→ REQUIREMENT
Please write out only the lines from the line with "Купить 2268130, Перчатки" to the line with "1983 Suzuki XN85 Turbo road test 2.jpg", inclusive, exactly as they stand below, without the pictures.

→ TASK INPUT
*** Begin section ***
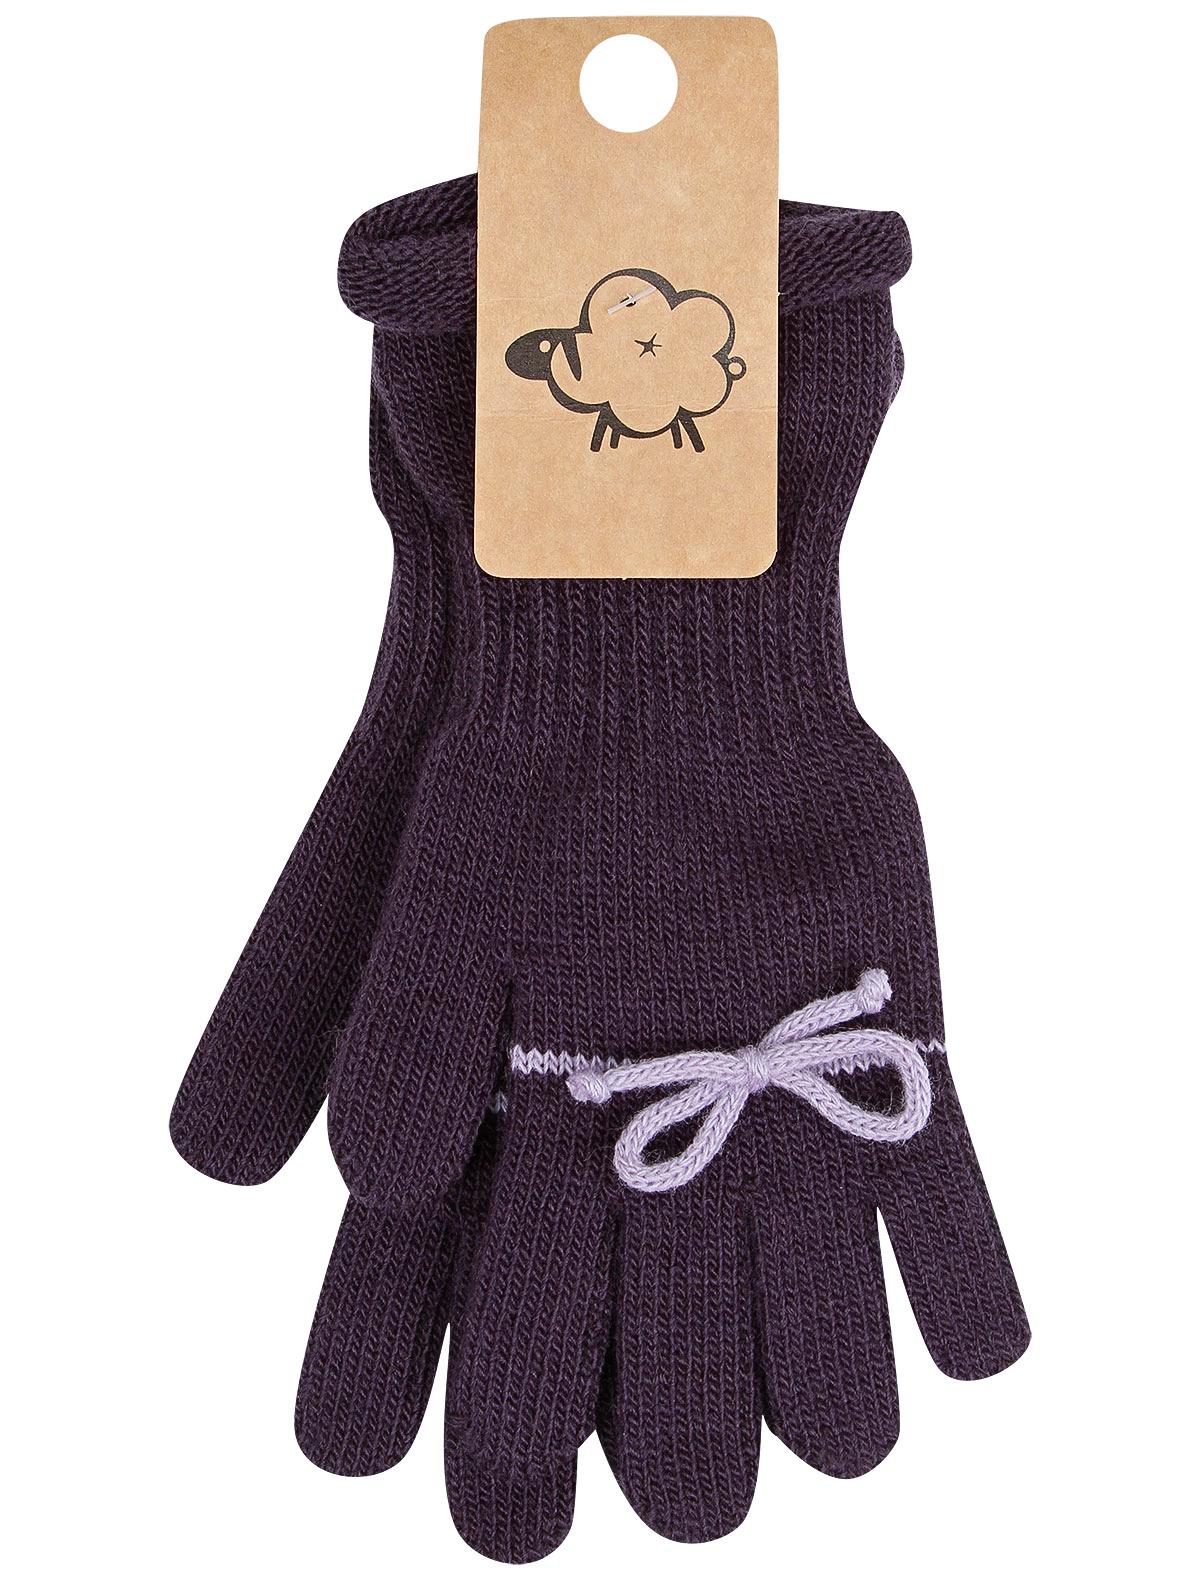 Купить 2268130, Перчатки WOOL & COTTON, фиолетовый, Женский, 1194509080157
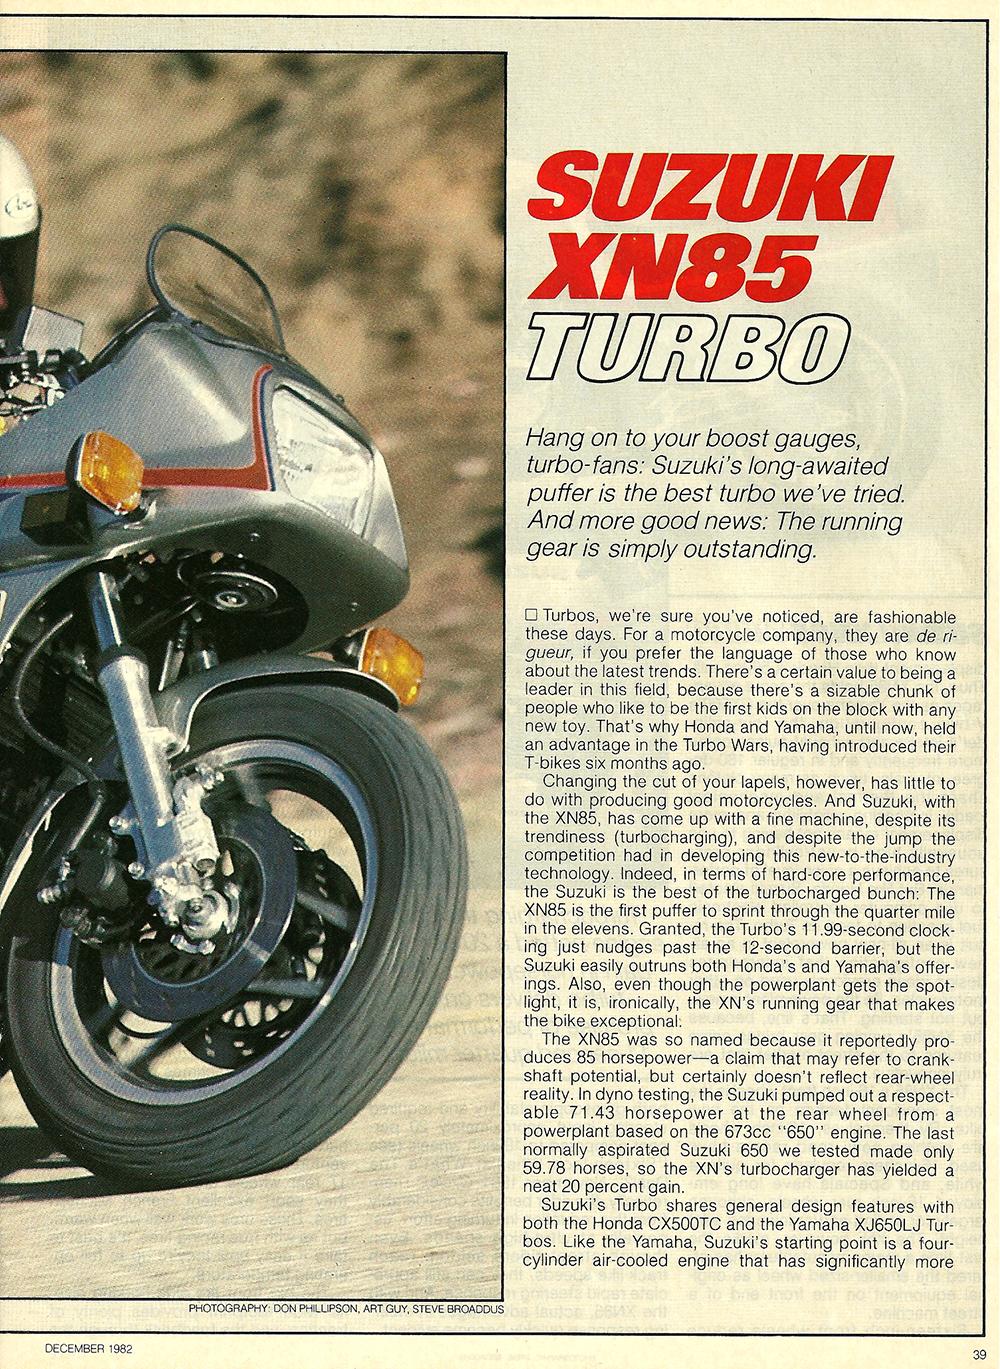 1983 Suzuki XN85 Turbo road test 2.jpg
*** End section ***
*** Begin section ***
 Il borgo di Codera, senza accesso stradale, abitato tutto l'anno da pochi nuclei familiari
*** End section ***
*** Begin section ***
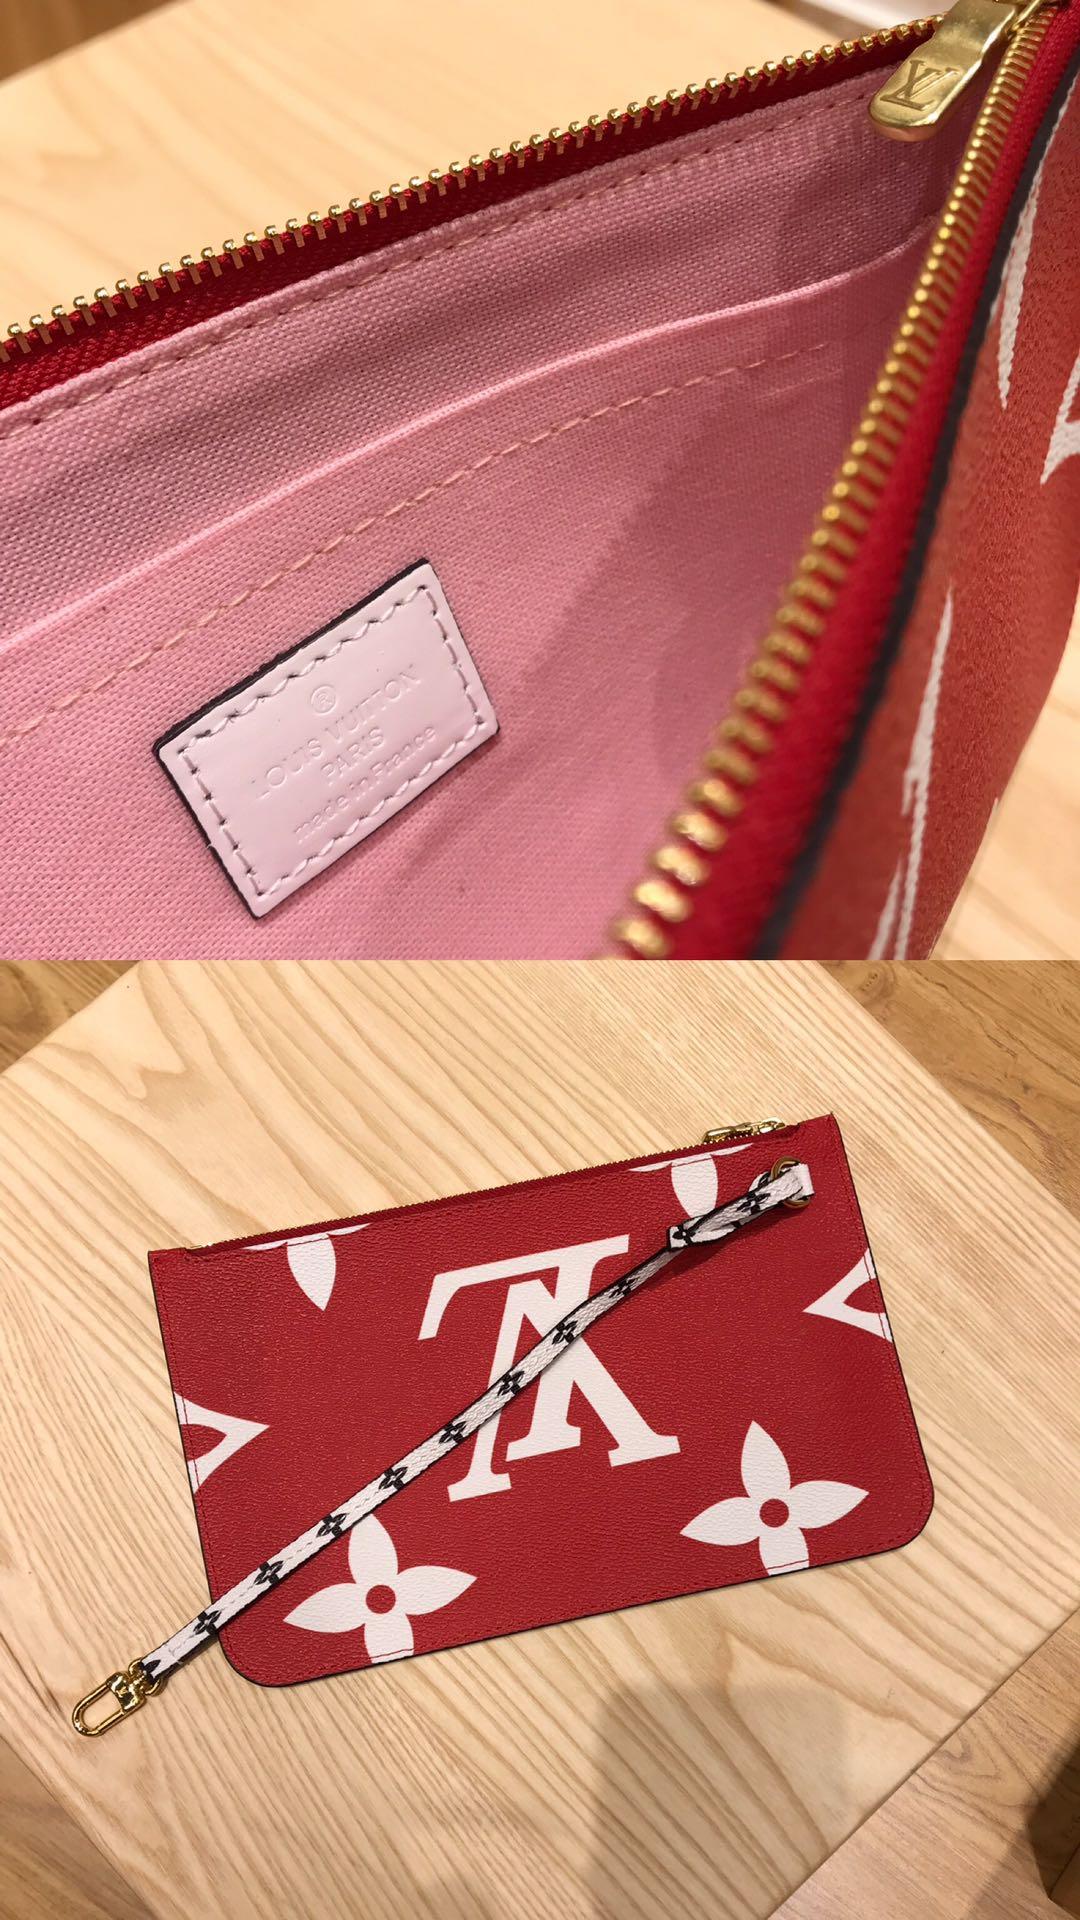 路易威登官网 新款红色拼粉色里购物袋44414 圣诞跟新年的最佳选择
*** End section ***
→ REPLY TO THE EXERCISE
 Купить 2268130, Перчатки WOOL & COTTON, фиолетовый, Женский, 1194509080157
 1983 Suzuki XN85 Turbo road test 2.jpg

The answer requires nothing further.